A new study in Nature Sustainability argues that this history is actually a pretty good hint about what comes next. Coastal Louisiana, the authors write, is ground zero for coastal climate adaptation: a place where rising seas and sinking land are already deciding where people live, and where planning for movement might offer more control than the chaos of crisis-driven displacement.
“We have got to remember that when people first came to North America 20,000 years ago, there had already been a lot of climate change,” said Jesse Keenan, a co-author of the paper and professor of sustainable real estate and urban planning at Tulane University. “There’s been a lot of sea level rise in the region, and Indigenous populations have always moved with that shoreline.” In geologic terms, he added, “New Orleans has been there for just a blip. We’ve got to get it out of our heads that this is terra firma.”
The physical stakes are, to put it mildly, not great. Southern Louisiana faces a perfect storm of rising seas, wetland erosion, stronger storms, and land subsidence - much of it worsened by decades of oil and gas canals that carved up the coast like a bad haircut. The state contains what the IPCC has identified as the world’s most exposed coastal zone, where the shoreline is projected to move more than 30 miles inland of New Orleans.
By comparing today’s warming trajectory with the last interglacial period roughly 125,000 years ago - when global temperatures were similar and seas were much higher - the new study estimates that the region could eventually face three to seven meters of sea-level rise and lose as much as three-quarters of its remaining coastal wetlands.

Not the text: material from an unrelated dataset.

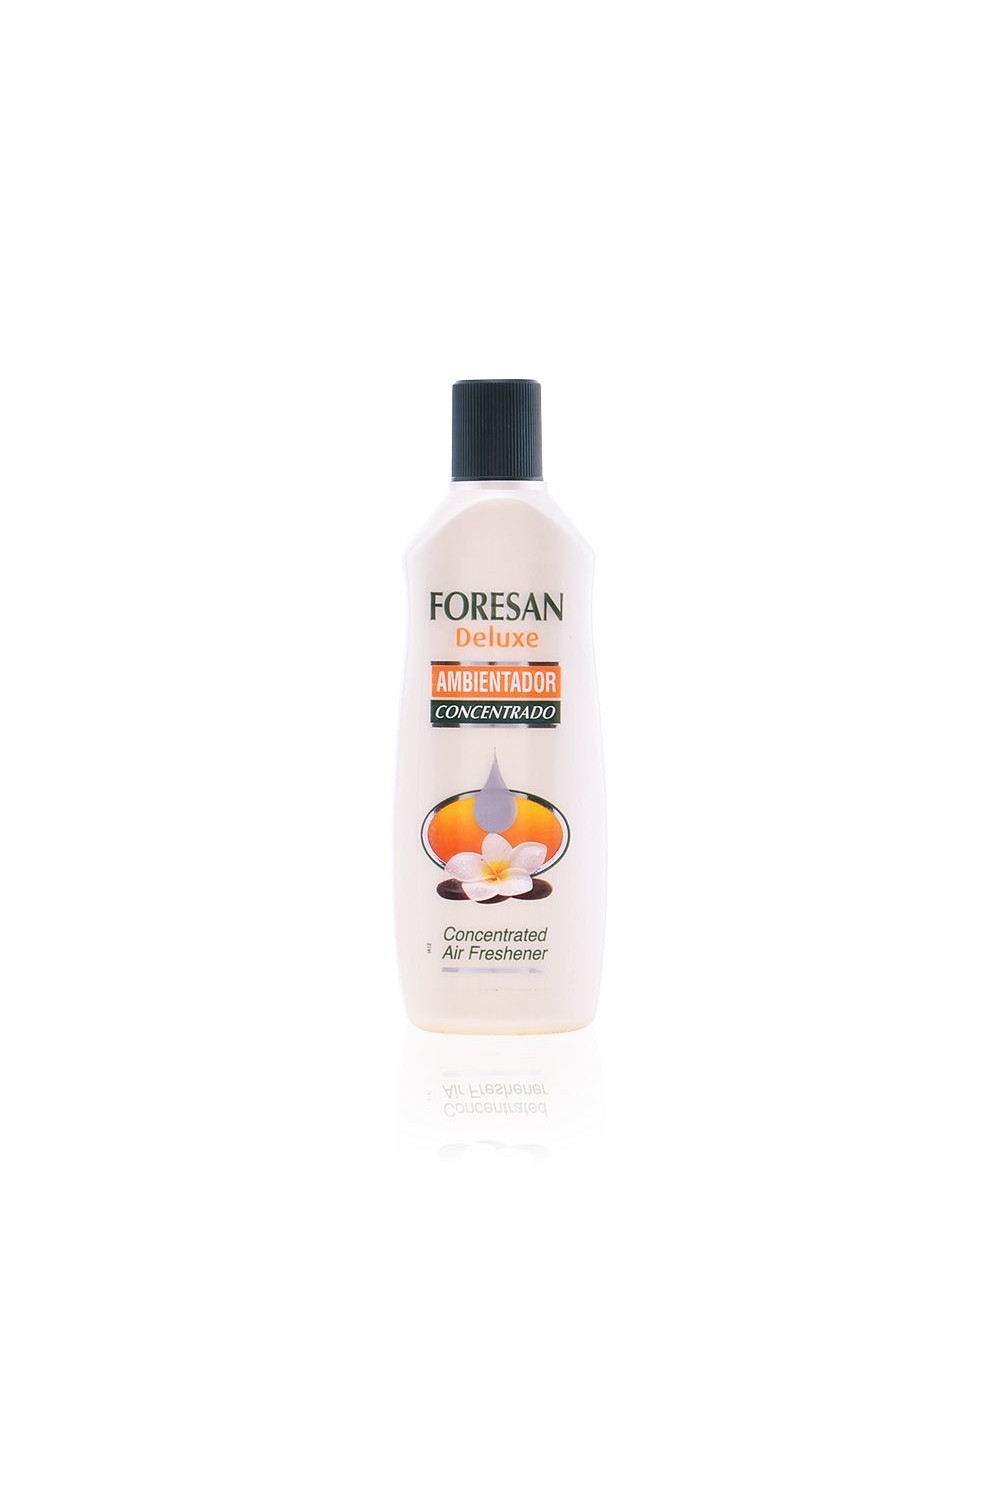 Foresan Deluxe Concentrated Air Freshener 125ml

Keenan emphasizes that the point isn't to predict a sudden disappearance, but to widen the planning lens: if the coast is already moving, Louisiana has a chance to decide how people, infrastructure, and economies move with it. The danger, of course, is assuming everyone has the same ability to act on that choice. Social mobility, he said, depends on financial mobility - meaning adaptation can't just tell people to move to safer ground. It has to move opportunity, too: jobs, industries, schools, and affordable housing beyond voluntary buyouts, the common managed-retreat tool in which governments purchase flood-prone homes and return the land to open space.

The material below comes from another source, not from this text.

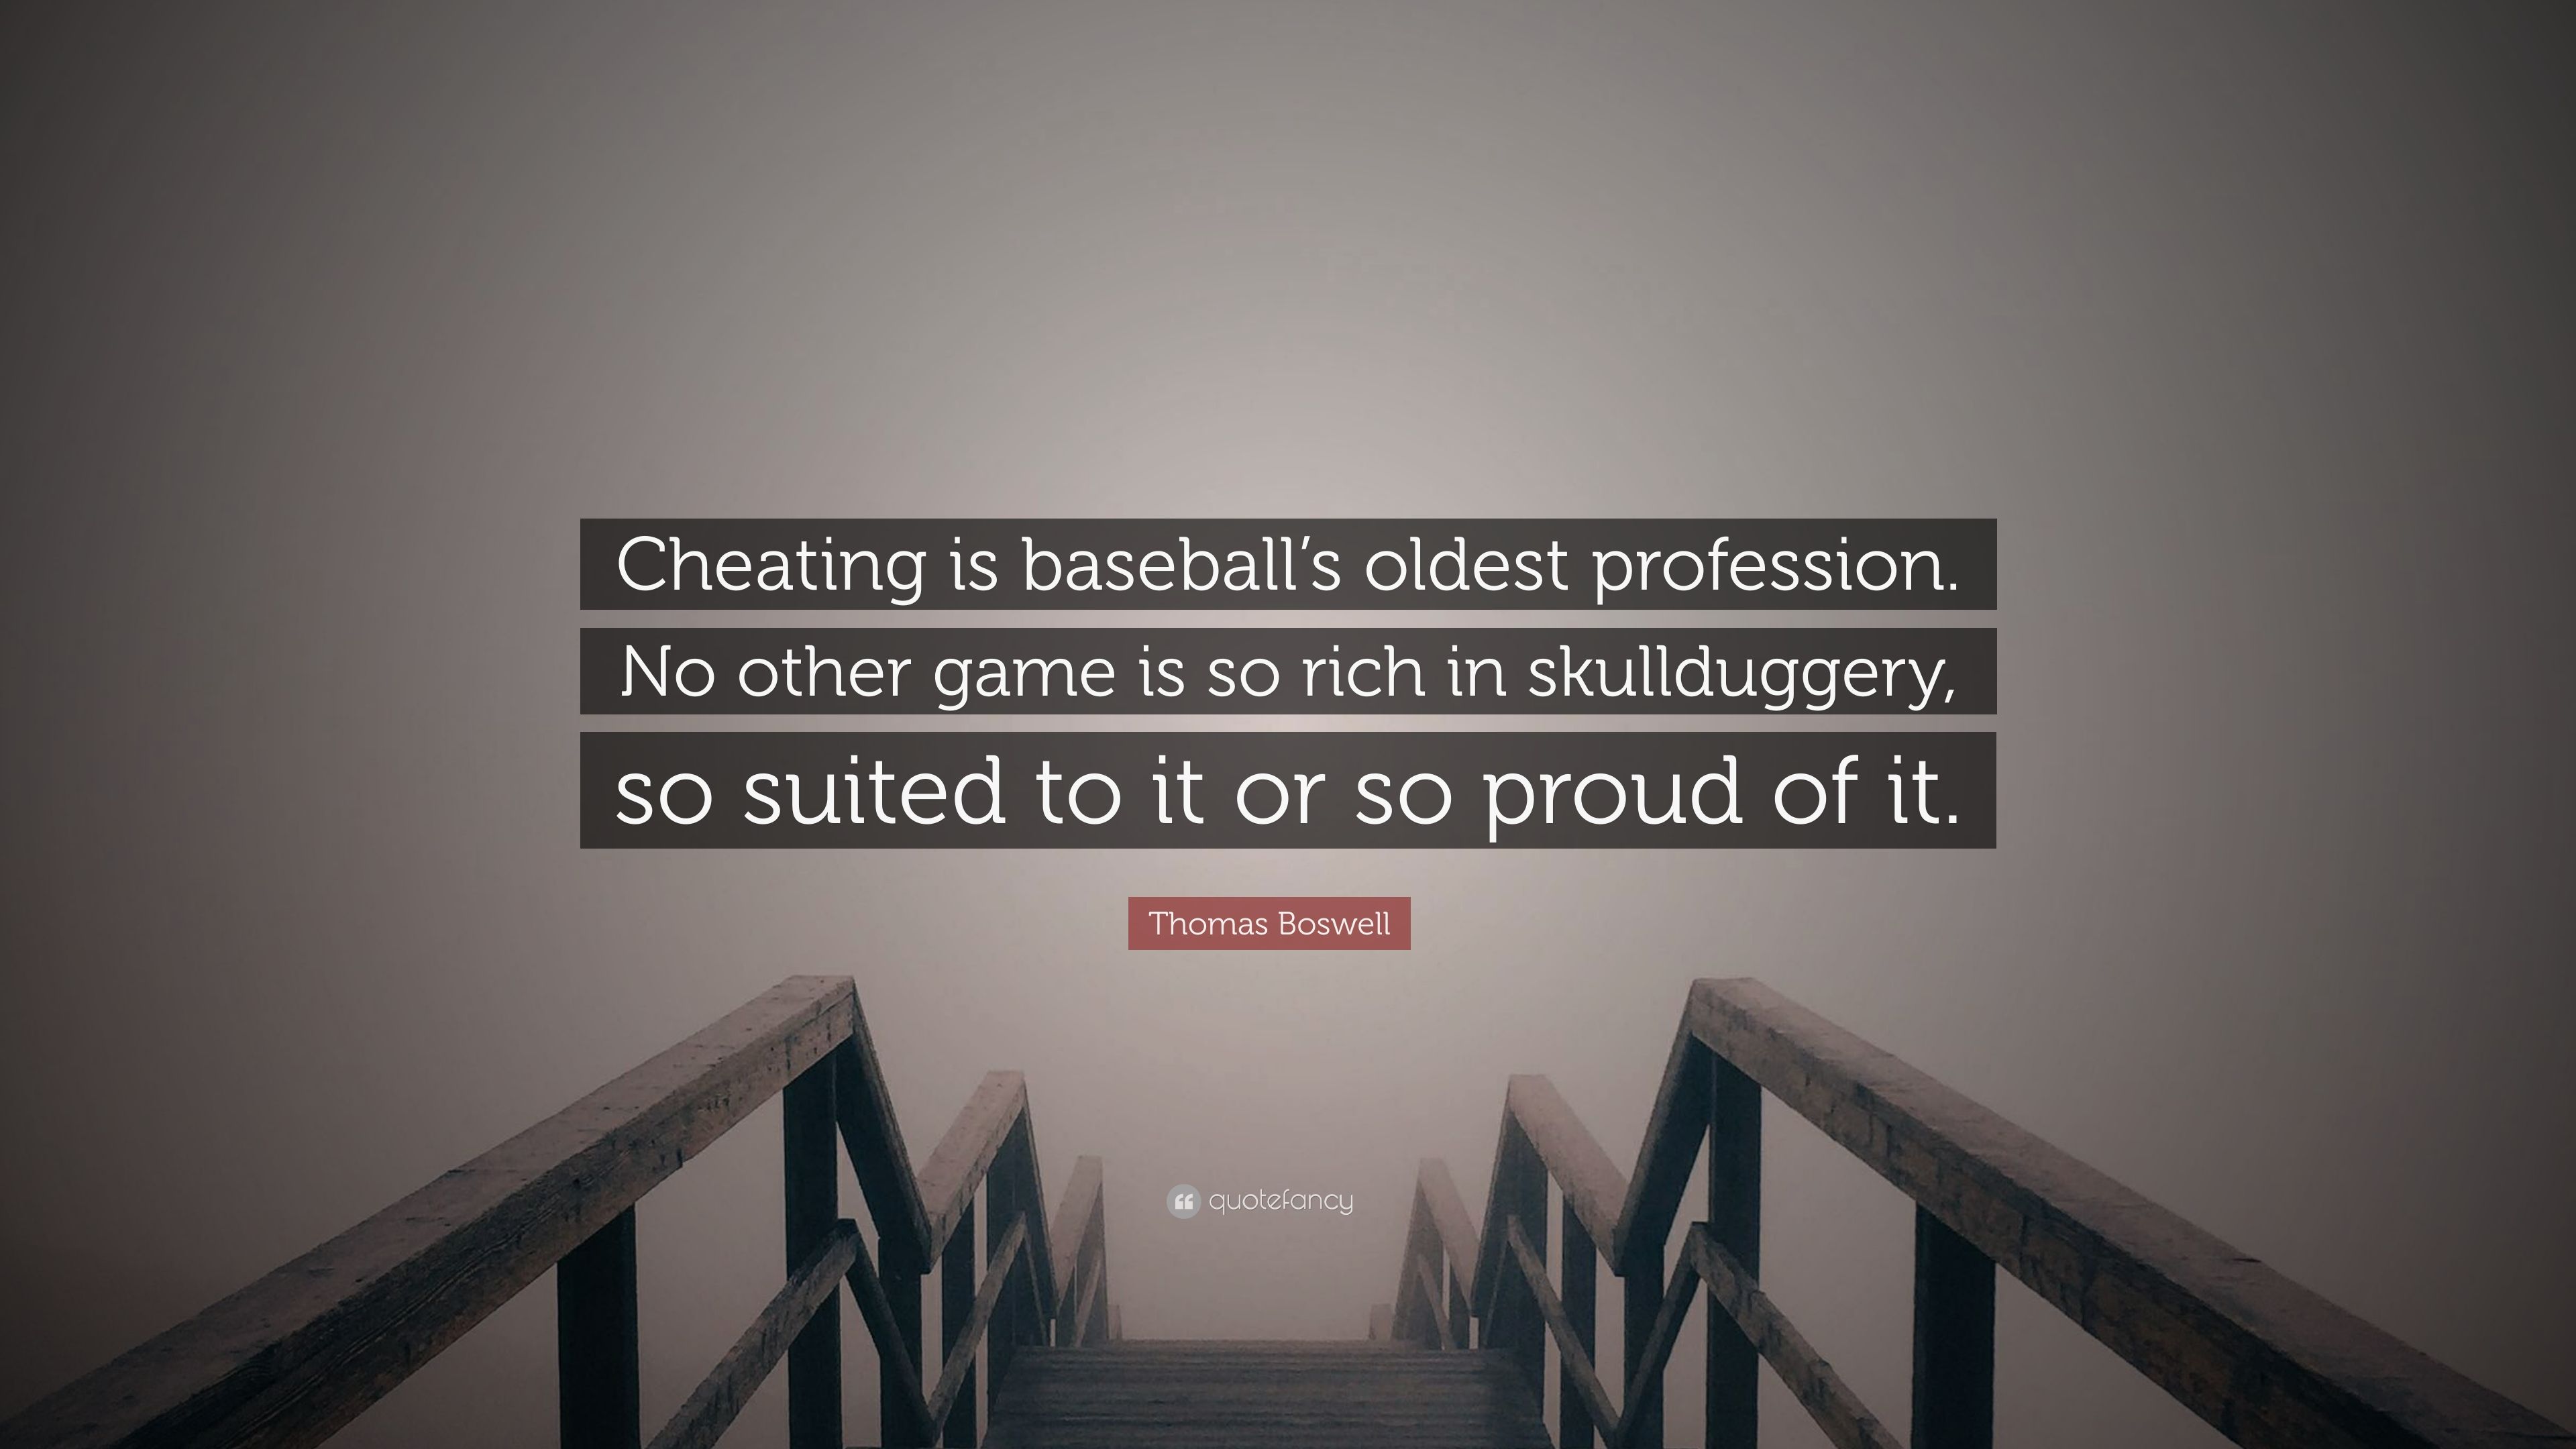 Thomas Boswell Quote: “Cheating is baseball's oldest profession. No other game is so rich in skullduggery, so suited to it or so proud of it.” (9 wallpaper)

“Outmigration is often framed as tragedy or failure, but in some cases it signals agency,” said Brianna Castro, a co-author of the paper, who highlights that this is a chance to plan around choices people are already making. Nearly all of Louisiana’s coastal zone has lost residents since 2000, and since Hurricane Katrina in 2005, about a quarter of Orleans Parish’s population has left the area, while more than half of rural Cameron Parish has relocated.

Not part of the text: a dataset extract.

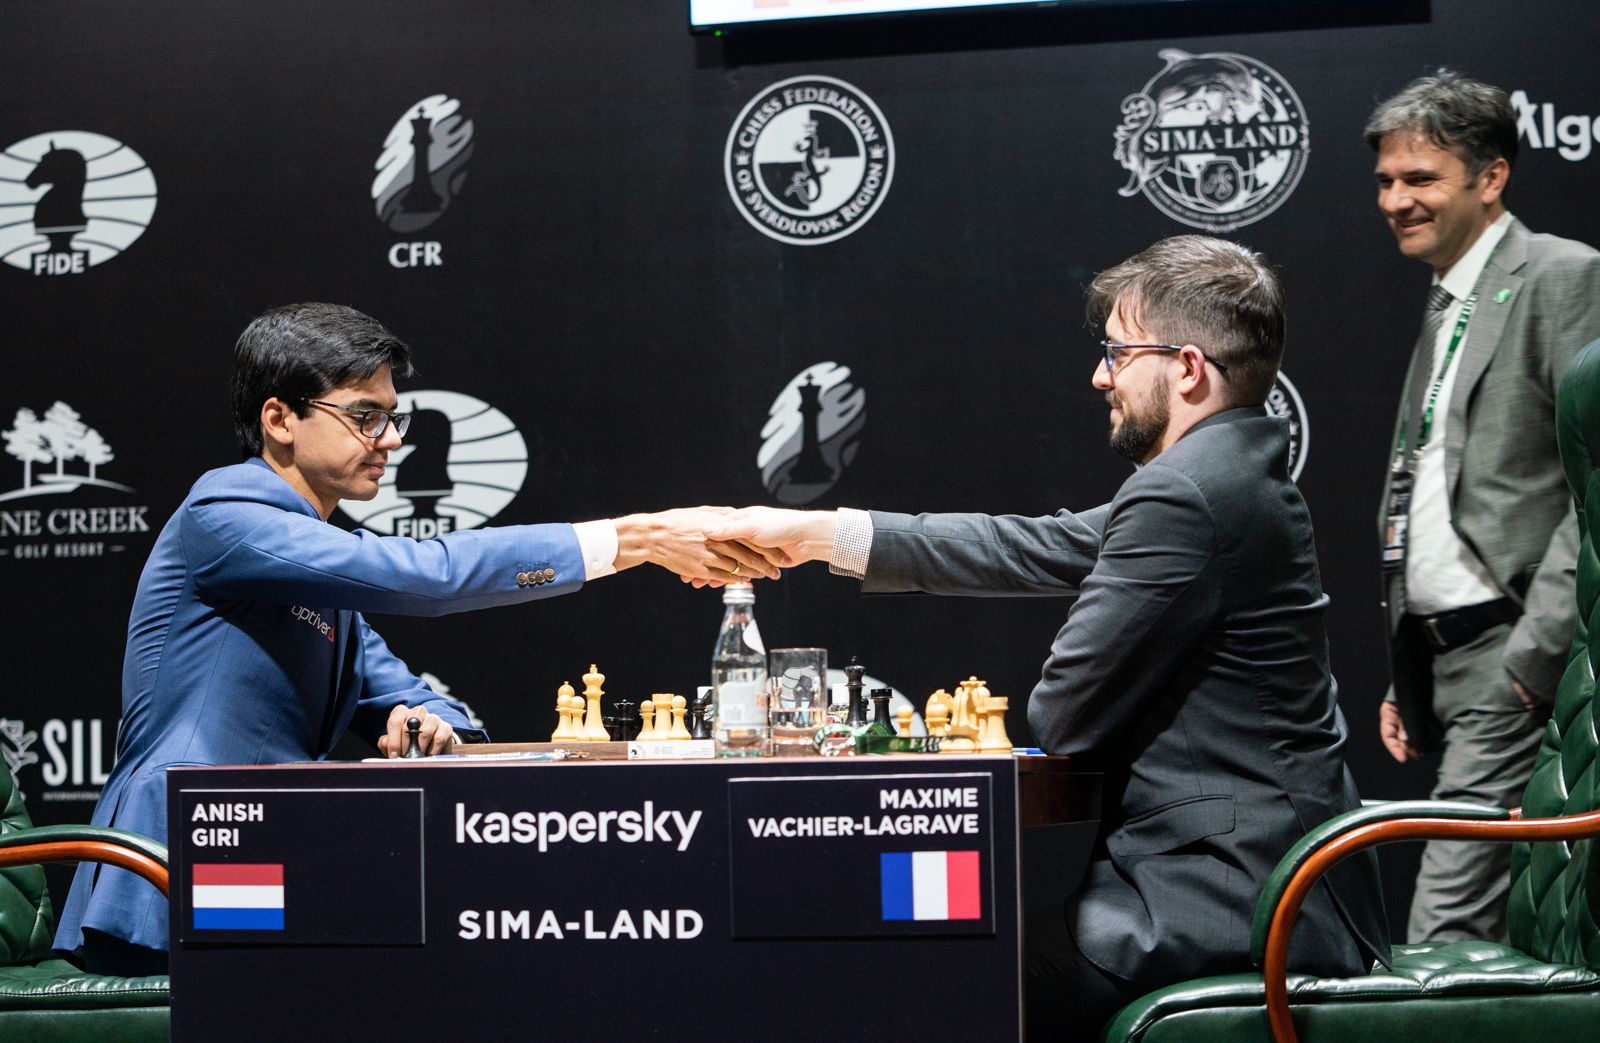 Chesspuzzle.net on X: The 52 best chess puzzles of the year 2020! All  based on tournament games played in 2020. Includes puzzles with Carlsen,  Caruana, Nakamura, MVL, Shirov, Svidler, Ding Liren, Nepomniachtchi

“If you build jobs and you build homes, specifically affordable homes, [on] safer ground, people will come,” said Castro, a professor of urban sustainability at Yale University’s School of the Environment. The opportunity, she argues, is to make those moves possible before crisis forces them on harsher terms - with schools, housing, and work in places where communities can carry culture forward rather than be scattered by disaster. New Orleans at its core, she said, is not confined to its current footprint: “We’re not going to ‘lose’ New Orleans. New Orleans has an incredibly rich local culture, and that will carry across the lake.”
The idea resonates beyond Louisiana. Vivek Shandas, a professor of earth, environment and society at Portland State University who was not involved in the study, said the paper widens the frame from emergency response to long-term adaptation: “We’ve been resettling for hundreds of thousands of years as a species. I think we’ve gotten really complacent with thinking that once we’ve set up a place and invested in it that it has to be like that forever. But the Earth is a very dynamic and incredibly fluid system.” He called Louisiana a “bellwether” for the rest of the country - a place where planners can study what adaptation strategies work before the same pressures intensify elsewhere.
The study points to immediate action projects, including reviving the canceled Mid-Barataria Sediment Diversion - a $3-billion coastal restoration project designed to reconnect the Mississippi River with the Barataria Basin, the rapidly disappearing wetland area on the west bank of the river south of New Orleans - and advancing the Breton diversion on the other side of the Mississippi River. Unlike dredging, which moves sediment once and deposits it in place, river diversions restore a more continuous flow of sediment into wetlands, mimicking the processes that built the delta over thousands of years.
“We’ve got a big challenge here, but this isn’t about the challenge. This is about the opportunity,” Keenan said. “You catch more flies with honey than vinegar. There is so much economic opportunity to engage with people and to build things. Data centers won’t give people more jobs, but adapting to climate change just might.”